Получает первое задание и Стасик. Задание не ахти какое заманчивое - сделать из листа железа противень. Конечно, Стасик разочарован. Разве об этом мечтал он, собираясь в геологическую экспедицию? И он, недолго думая, применяет не раз испытанный прием, заявив:

— А я не умею!

Он ожидает, что реакция будет, как у мамы, - вздох: "Ну ладно... Не надо, сама сделаю..."

Но реакция оказывается совсем другой:

— Неужели? А я-то думал, что ты всю жизнь только противни и делал. Если тебе поручать только то, что ты умеешь, то тебе придется только есть да спать. А это, знаешь ли, утомительно, вредно для здоровья, да и надоедает. Тебя просто жаль. Сделай уж, для разнообразия, пока хоть противень.

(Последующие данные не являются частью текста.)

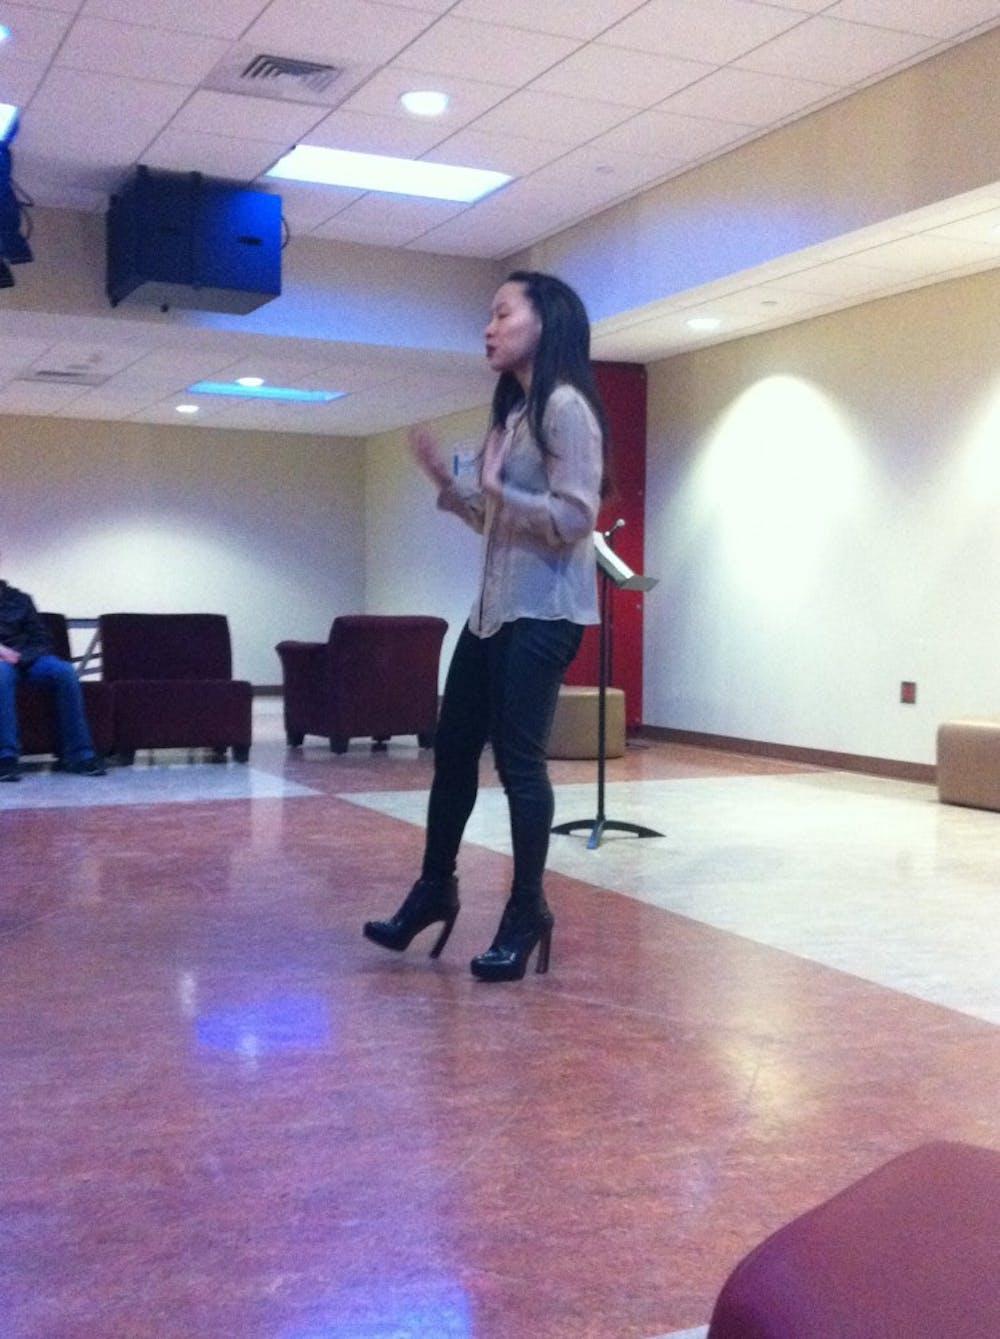 Spoken word artist expresses heritage through poetry

И Стасику приходится на время переквалифицироваться в кухонного мужика. Ну ладно уж, но только ненадолго. И он старательно бьет молотком по пальцам, по коленям, иногда даже попадает на зубило. И странное дело: чем ближе конец работы, тем менее неприятной она ему кажется. А когда с готовым противнем подходит он к Ивану Лексанычу, в его голосе звучит не совсем понятная просьба:

— А можно, когда сезон закончится, я этот противень домой возьму, - и, заметив удивленный взгляд, тихо добавляет: - Я его маме покажу, а то она не поверит.

А Коля, придя вечером, спрашивает:

— Что, вместо сковороды решили противень купить? Смотри-ка, какой хороший и по размеру нам как раз подходит. - И Стасик в стороне расцветает маковым цветом.

А через несколько дней возникает проблема занятости. Делать больше нечего, все дела переделаны. Когда еще студентом я работал в геологической партии, наш начальник в аналогичной ситуации поступал очень просто - одних заставлял делать, других - переделывать. Чтобы не началось разложение от безделья. В нашем отряде такой волевой личности нет, мы махнули на все рукой: разлагаемся.

А Коля ежедневно совершает маятниковый маршрут: контора - квартира председателя - магазин - снова квартира - магазин, и так до вечера. Его уже знает весь поселок. Коля вообще человек заметный. Когда мы с ним вместе идем по городу, все девушки улыбаются нам навстречу, а если я пытаюсь улыбнуться им в ответ, они почему-то сразу хмурятся и отворачиваются.

Лешка Пронин, самый ехидный парень в экспедиции, как-то рассказывал мне, в присутствии достаточного количества слушателей, естественно:

— Смотрю я - идут навстречу какой-то мужчина и с ним маленький мальчик, подхожу ближе, а это, оказывается, Коля и ты.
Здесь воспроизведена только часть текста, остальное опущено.